▶ **Data section**
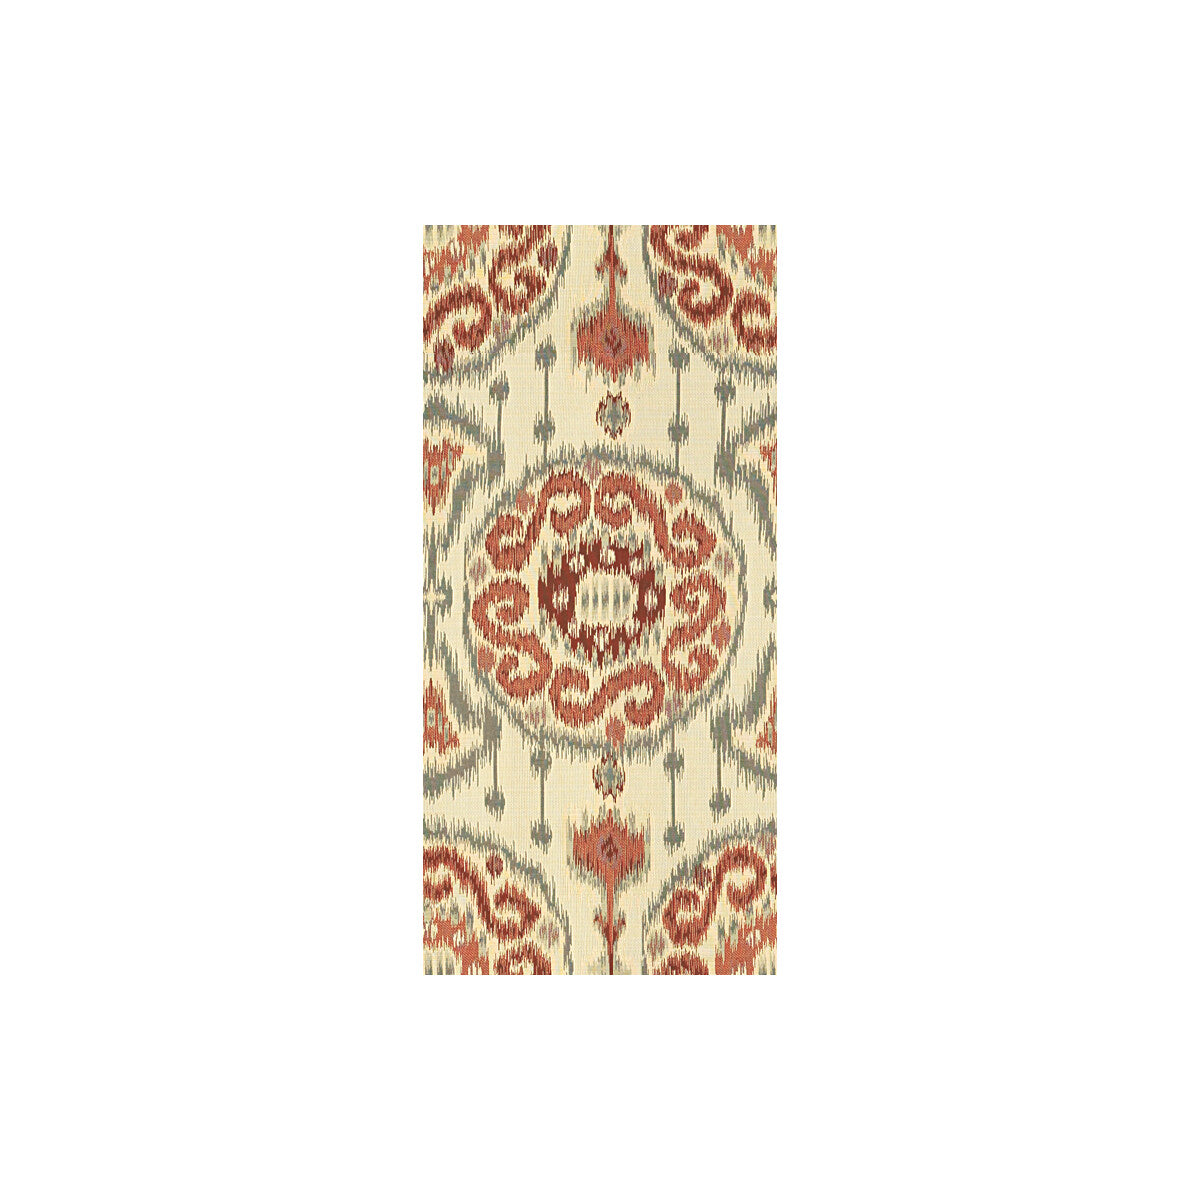 Kravet Design fabric in 31393-915 color - pattern 31393.915.0 - by Kravet Design in the Gis collection
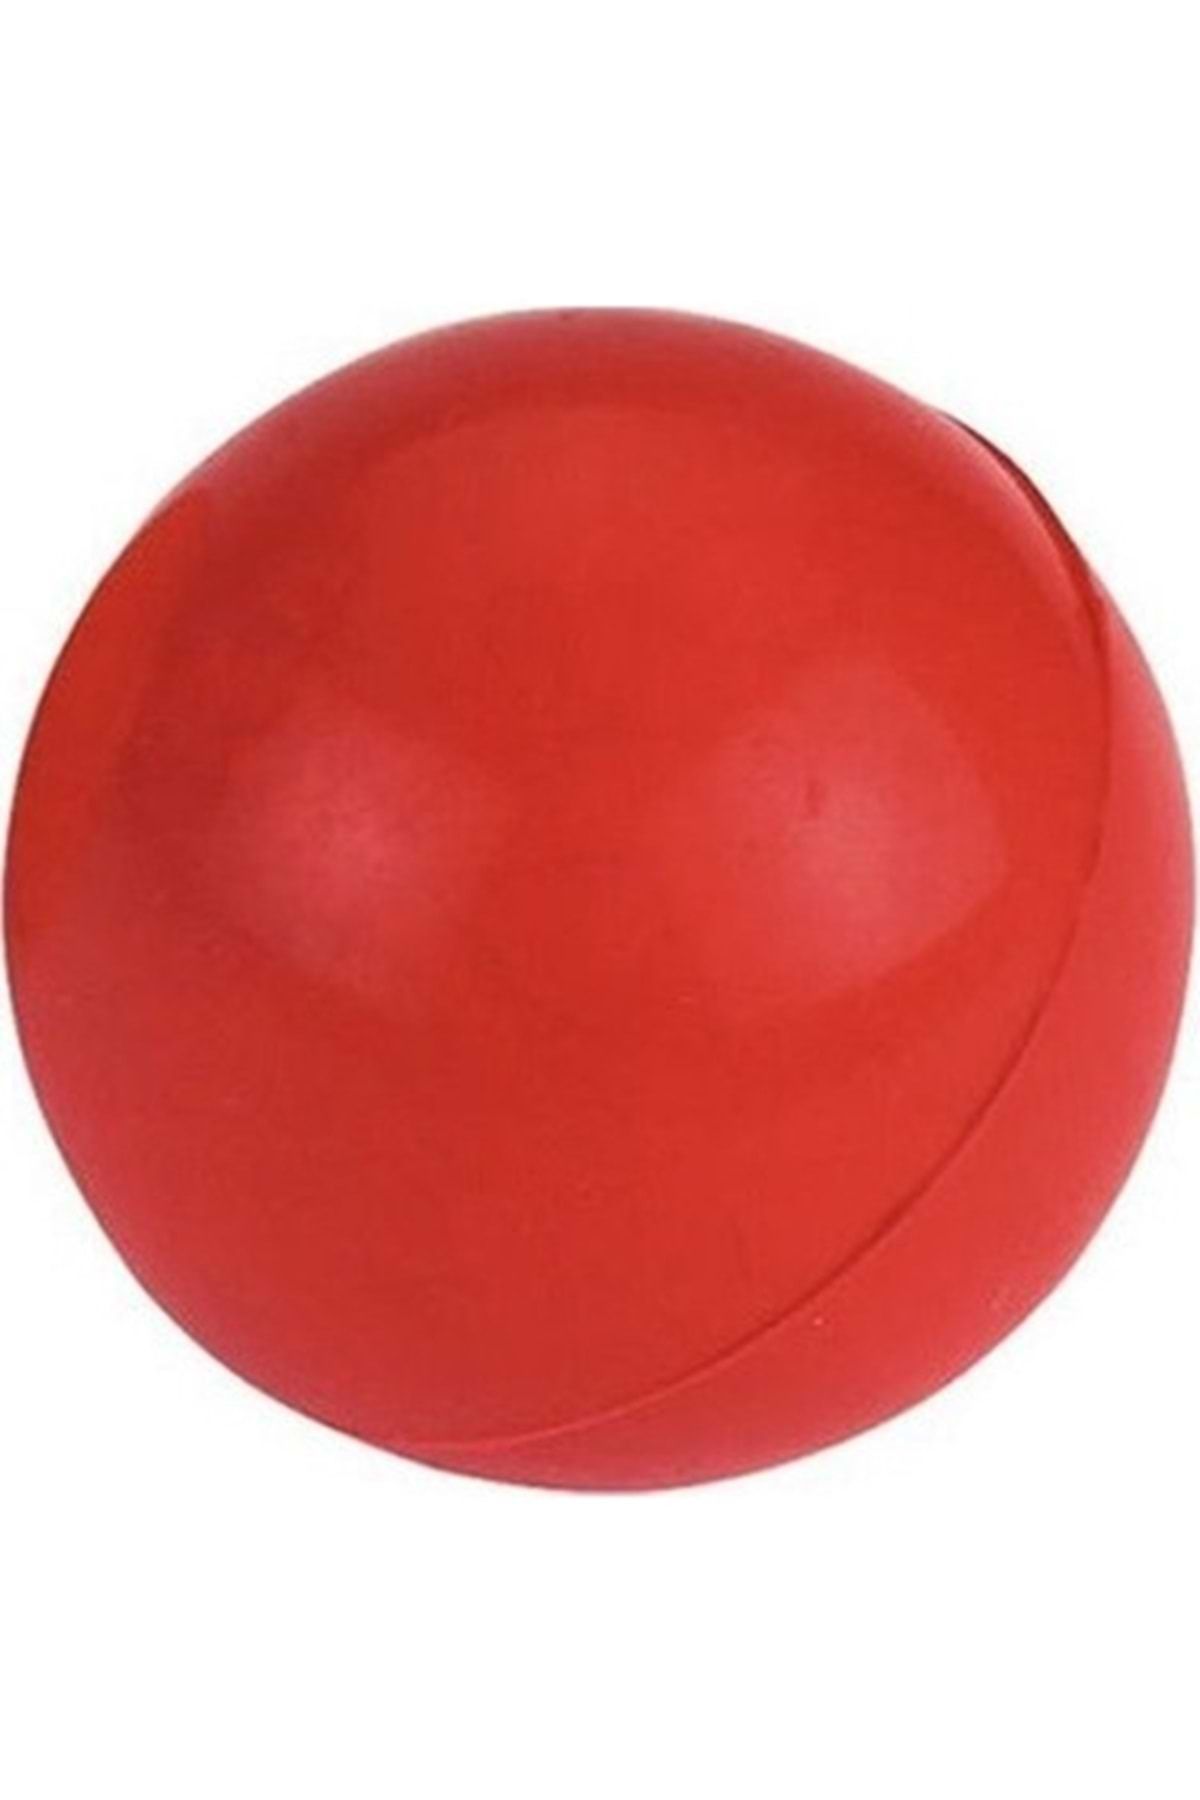 Purrfect Purrrfect Pet Yuvarlak Oyun Topu Kırmızı Kırmızı --- --- 200gr. 1ad.
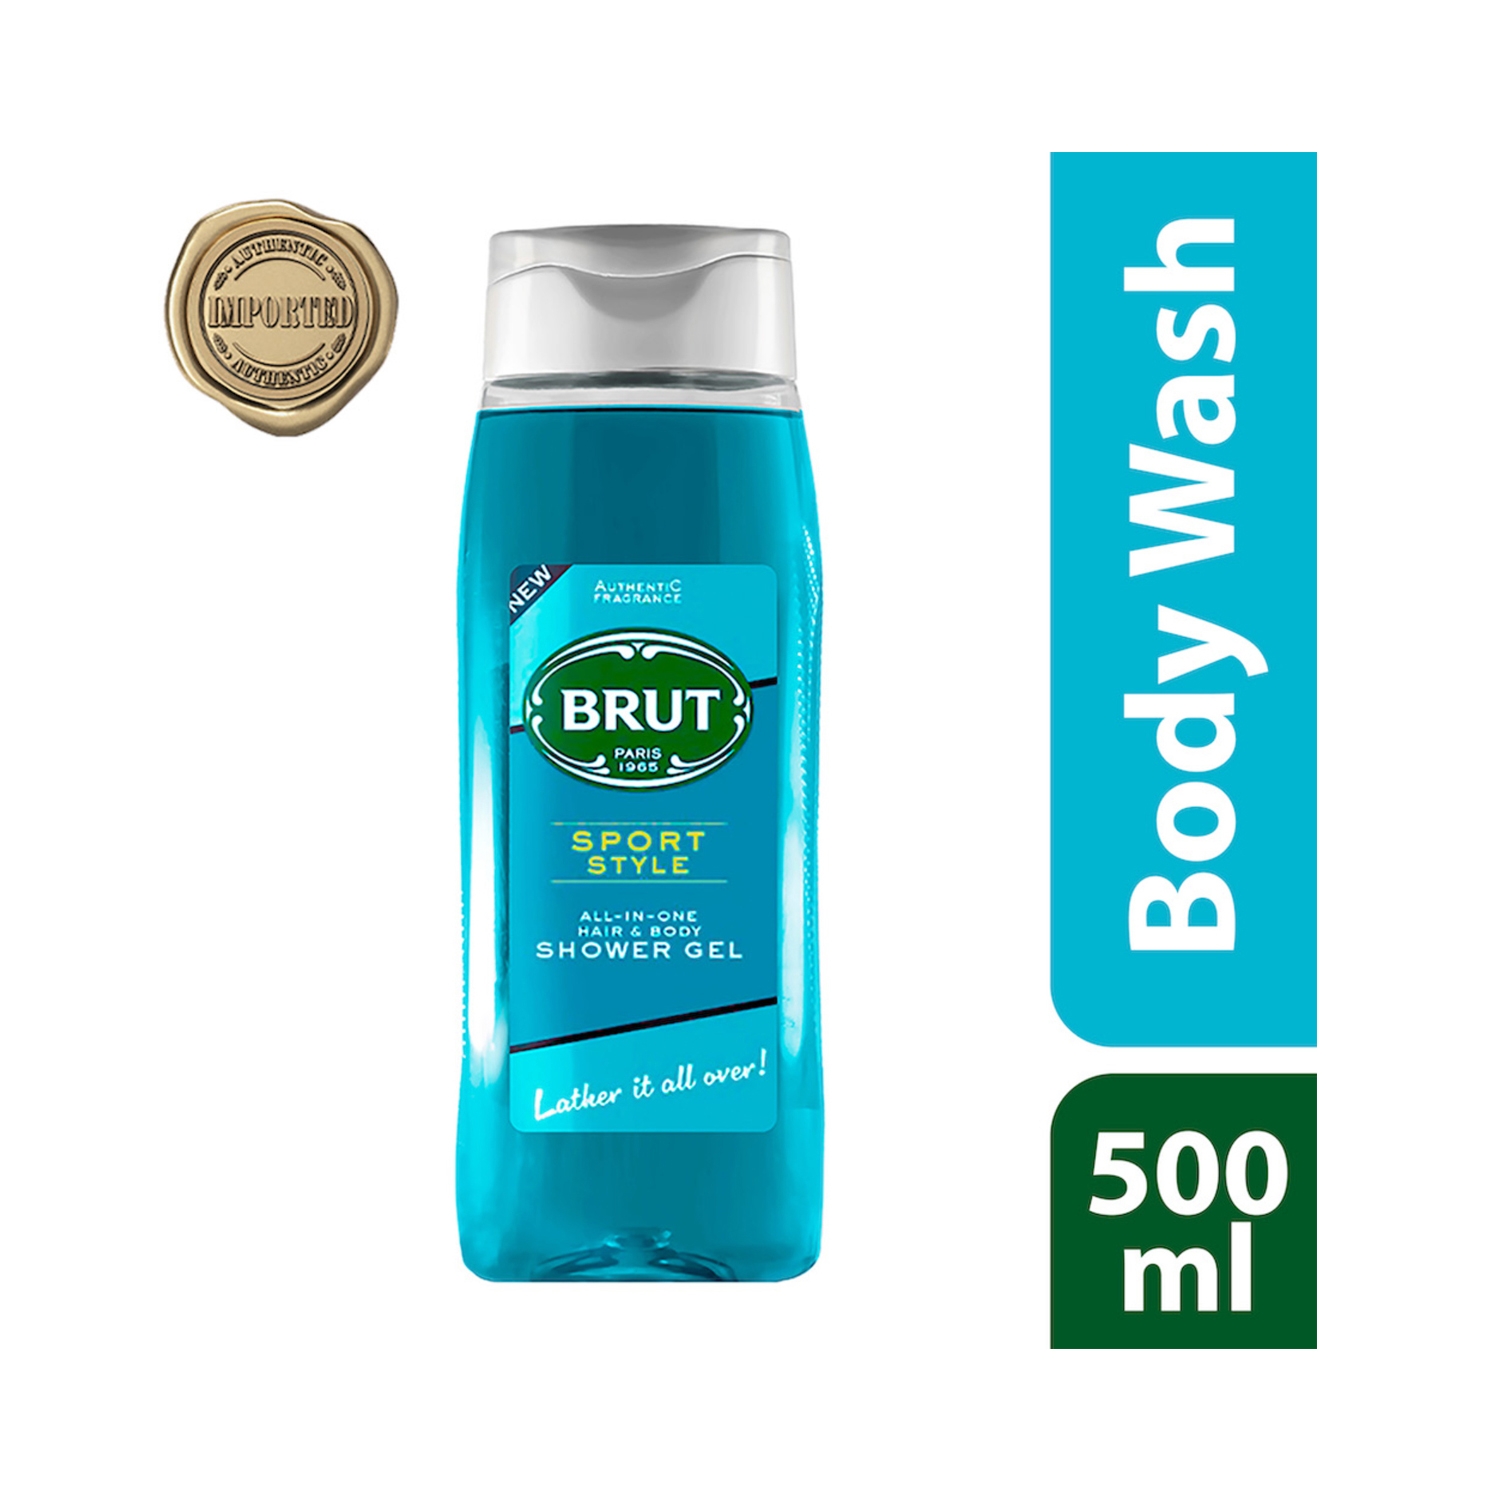 Brut | Brut Sport Style All-In-One Hair & Body Shower Gel (500ml)

▶ **Exercise objective**
Reproduce the material word for word, but without its images.

▶ **Reply to the exercise**
 Kravet Design fabric in 31393-915 color - pattern 31393.915.0 - by Kravet Design in the Gis collection
 Purrfect Purrrfect Pet Yuvarlak Oyun Topu Kırmızı Kırmızı --- --- 200gr. 1ad.
 Brut | Brut Sport Style All-In-One Hair & Body Shower Gel (500ml)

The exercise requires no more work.